Your expression of converting the acceleration to velocity is, in effect, integration. You are, in effect, applying a low pass filter. In your velocity output the low frequency is dominant (high magnitude); the high frequencies are reduced in magnitude, but not totally eliminated. You can see the high frequencies in the output by enlarging the vertical scale of the plot. The fluctuations that you see in the acceleration data are still there in the velocity output, but not so visible, as the plot is now dominated by high magnitude low frequencies.
Lalu Mansinha
1. Like others have pointed out, it looks like you lowpass filtered the data, not highpass.
2. A simple DC blocker can be realized by calculating the average and subtracting it from the signal.

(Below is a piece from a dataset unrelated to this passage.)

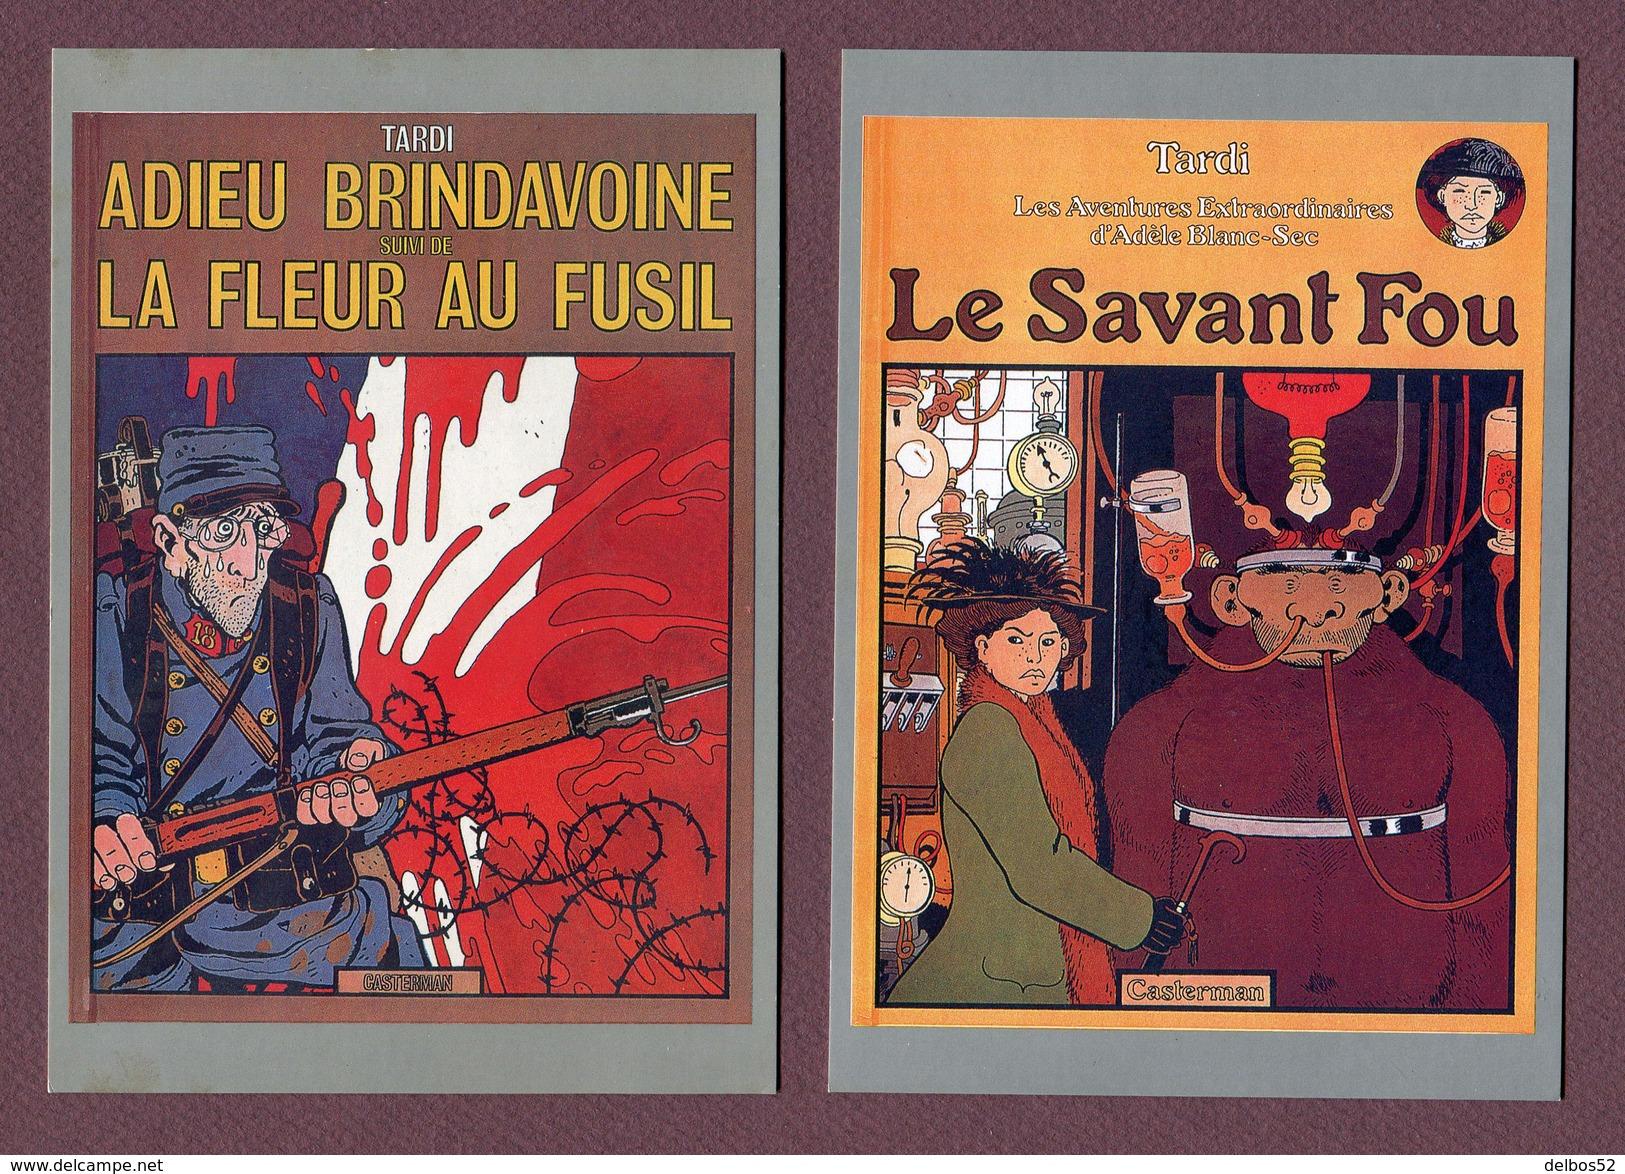 TARDI  : Lot De 8 Cartes Postales - Editions CASTERMAN 1985 - Comics

Since you seem to have the 2048 samples all at once, you don't have to bother with streaming implementations of averaging etc.
Kousik-
First very well presented question and attention to detail. You may be a DSP novice but you will go far.
Second, I concur with DJ Maguire, to debug this you might try some time domain things. If dc offset is really the problem, experiment with subtracting sum/2048 from your input and see what happens. That's a simple step and eliminates the evident confusion about whether you high-passed or low-passed your data. If that works or is an improvement then you can think about next steps.
-Jeff
I think after IFFT you have taken absolute value for acceleration and has fed the absolute value to the velocity calculation.Actually you should take real part and give to velocity calculator.If you feed the absolute value all negative acceleration will become positive.From your graph it seems the acceleration has + ve and -ve going ramp when integrated it become a parobola!
Also make sure in FFT you set 0 not only +ve frequency but also -ve frequencies.ie +k and N-k.
Hi Kousik
If you have an accelerometer on the nonrotating part of a machine with a rotating part, the way to find out the rotational speed is to find a repeated pattern in the accelerometer signal. The rotational frequency is the same as the repetition frequency.